無伴奏ヴァイオリンのためのソナタとパルティータの概要

バッハの時代にはこのような無伴奏のヴァイオリン曲というのは人気があったようで、とうていアマチュアの手で演奏できるとは思えないようなこの作品の写譜稿がずいぶんと残されています。ところが、古典派以降になるとこの形式はパッタリと流行らなくなり、20世紀に入ってからのイザイやバルトークを待たなければなりません。

Johann Sebastian Bach

バッハがこれらの作品をいつ頃、何のために作曲したのかはよく分かっていません。一部には1720年に作曲されたと書いているサイトもありますが、それはバッハが(おそらくは)自分の演奏用のために浄書した楽譜に記されているだけであって、必ずしもその年に作曲されたわけではありません。さらに言えば、これらの6つの作品がはたして同じ目的の下にまとめて作曲されたのかどうかも不確かです。

しかし、その様な音楽学的な細かいことは脇に置くとしても、これらの作品を通して聞いてみると一つの完結した世界が見えてくるのは私だけではないでしょう。
それは、どちらかと言えば形式がきちんと決まったソナタと、より自由に振る舞えるパルティータをセットととらえることで、明確な対比の世界が築かれていることに気づかされるからです。

そして、そのパルティータにおいても、「アルマンド」-「クーラント」-「サラバンド」-「ジーグ」という定型様式から少しずつ外れていくことで、その自由度をよりいっそう際だたせています。
そして、パルティータにおいて最も自由に振る舞っている第3番では、この上もなく厳格で堂々としたフーガがソナタの中で屹立しています。

この作品は演奏する側にとってはとんでもなく難しい作品だと言われています。

しかし、その難しさは「技巧」をひけらかすための難しさではありません。
パルティータ2番の有名な「シャコンヌ」やソナタ3番の「フーガ」では4声の重音奏法が求められますが、それは決して「名人芸」を披露するためのものではありません。

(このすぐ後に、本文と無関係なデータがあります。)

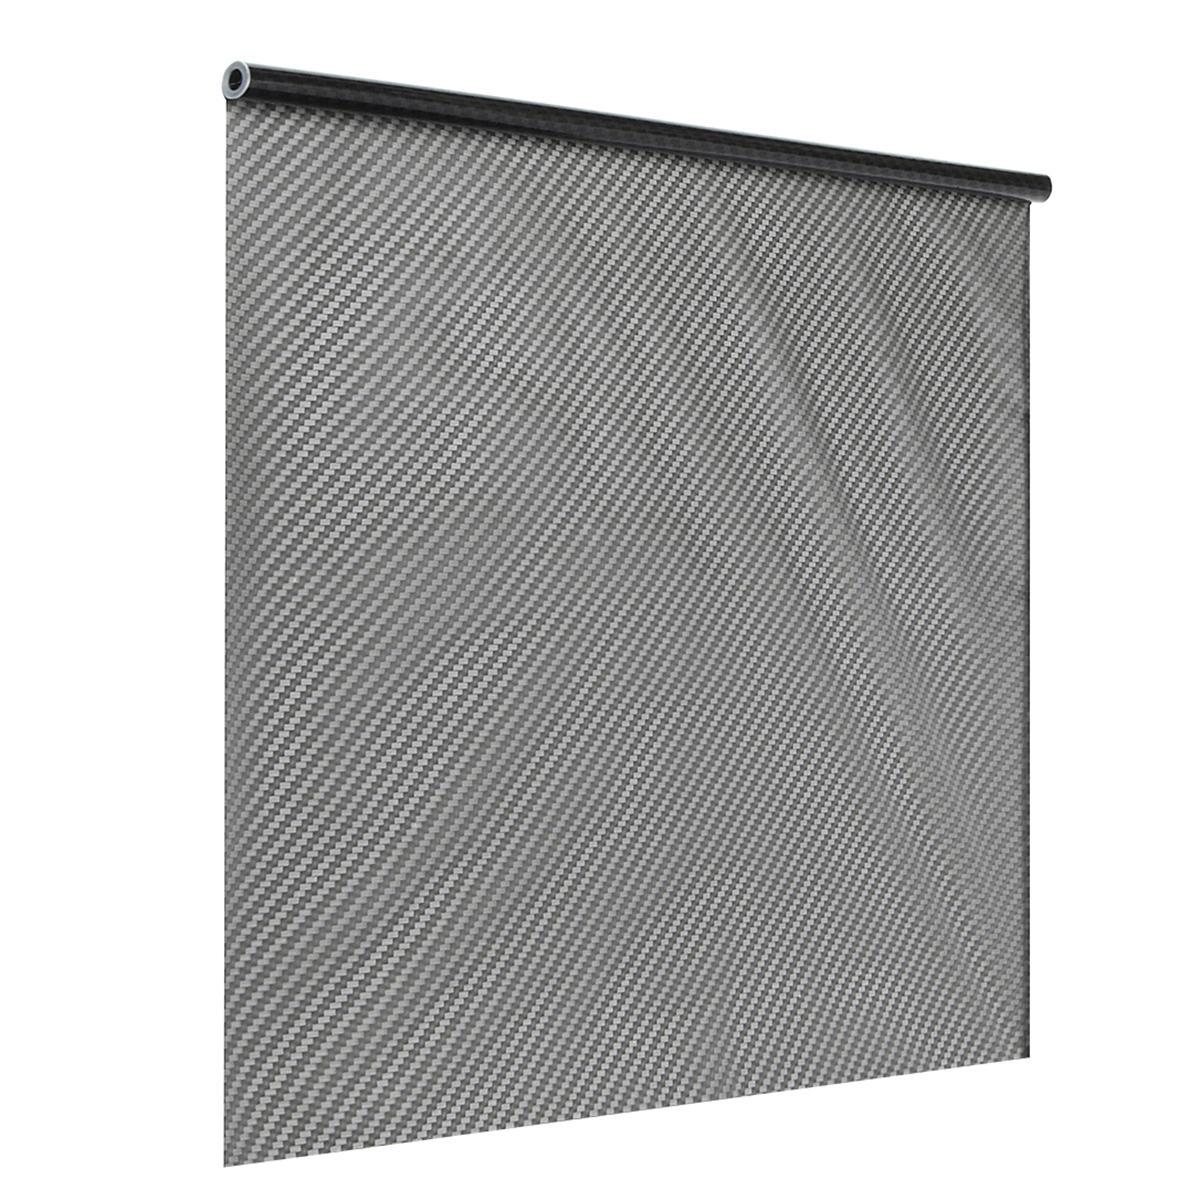 Water Transfer Printing Film Hydrographic Film Hydro Dip Carbon Fiber COD
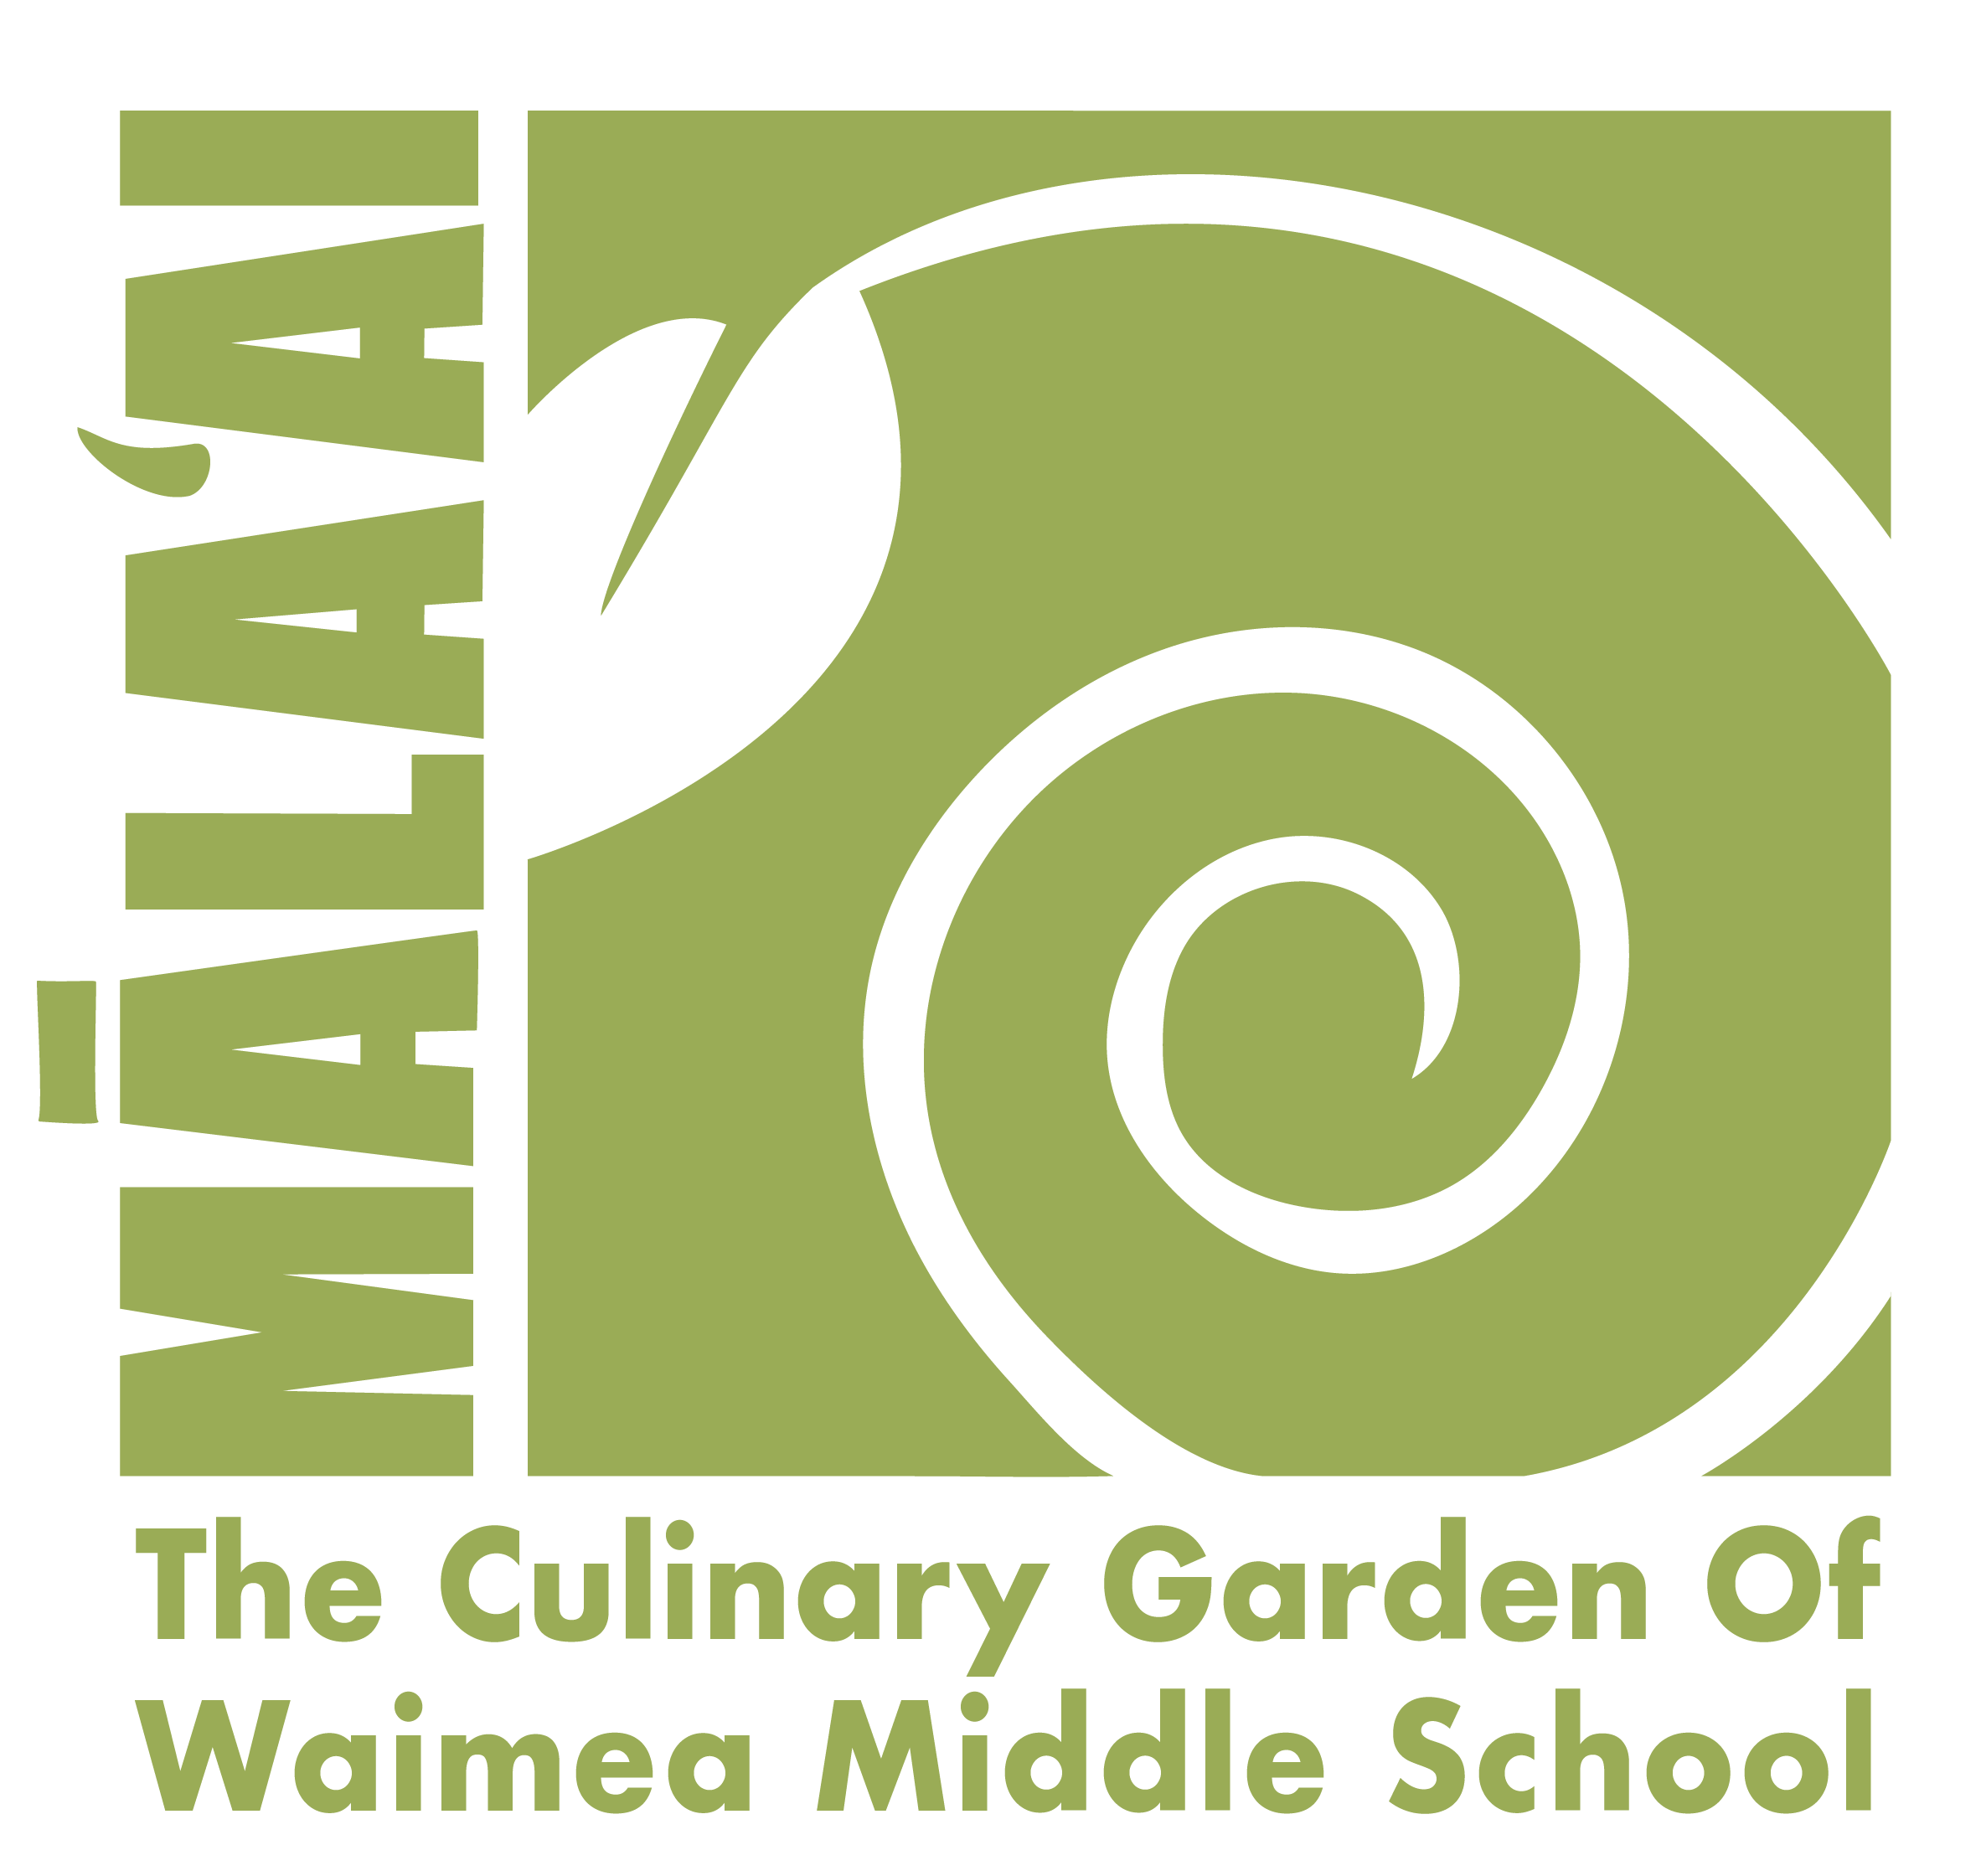 Mālaʻai – The Culinary Garden of Waimea Middle School

その意味では、後世のパガニーニの「難しさ」とは次元が異なります。

バッハの難しさは、あくまでも彼がヴァイオリン一挺で描き尽くそうとした世界を構築するために必要とした「技巧」に由来しています。
ですから、パガニーニの作品ならば指だけはよく回るヴァイオリニストでも演奏できますが、バッハの場合にはよく回る指だけではどうしようもありません。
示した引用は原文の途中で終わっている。